If the aim is to produce a clean solution, a small amount of solution must generally be left in the container, and care must be taken to prevent any precipitate from flowing with the solution out of the container.
A mixture of an insoluble solid in liquid is allowed to stand. The solid is insoluble and settles at the bottom if kept undisturbed for some time. This process is called sedimentation.
A centrifuge may be useful in decanting a solution. The centrifuge causes the precipitate to be forced to the bottom of the container; if the force is high enough, the precipitate may form a compact solid. Then the liquid can be more easily poured away, as the precipitate will tend to remain in its compressed form.
Similarly a mixture of two immiscible liquids can also be separated by decantation.

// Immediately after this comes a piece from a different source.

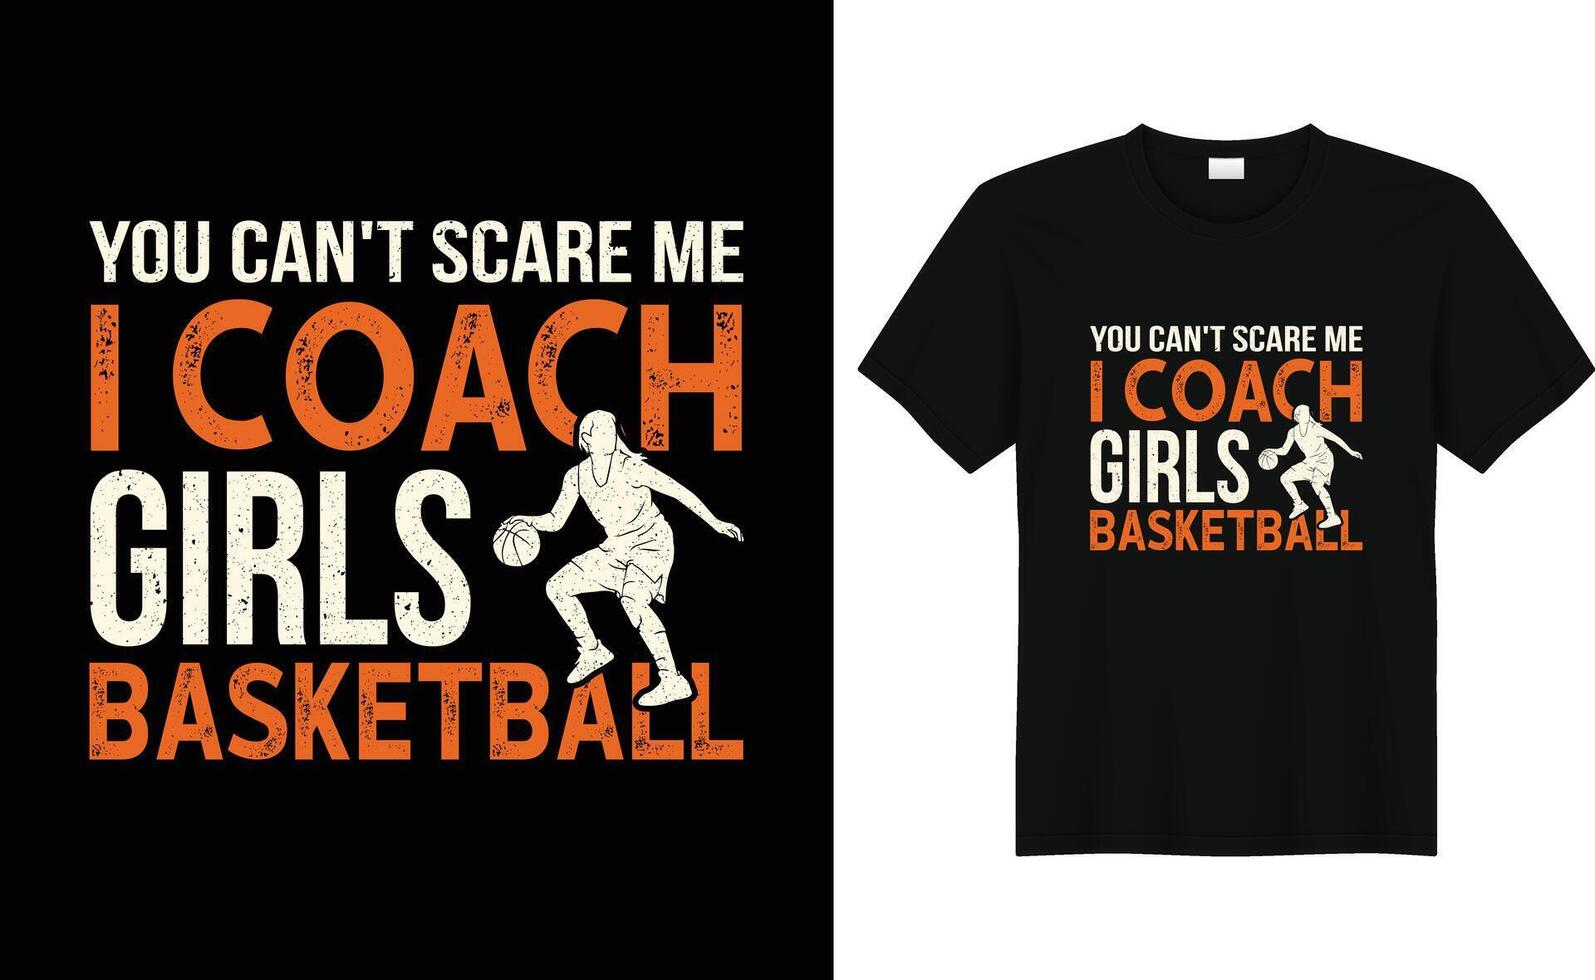 basketbal sporten, de kampioenen, typografie grafisch ontwerp, voor t-shirt afdrukken, vector illustratie

For example, the oil and water extracted from fish may be decanted to obtain the oil. A mixture of kerosene and water can also be separated through decantation.
To obtain a sample of clear water from muddy water, muddy water is left in a container until the mud settles, and then the clear water is poured into another container.
Another example of decantation is the regeneration of used chiral stationary phase (CSP). The CSP to be decanted is gently mixed in a container with a compatible solvent to form a suspension. The suspension is allowed to rest for a period of time, after which the supernatant is carefully poured off. The supernatant contains the undesirable constituents of the former suspension, while the leftover sediment in the container is clean, reusable CSP. Decantation should be done directly after sedimentation.
This process is also used in extracting pure iron from iron ore.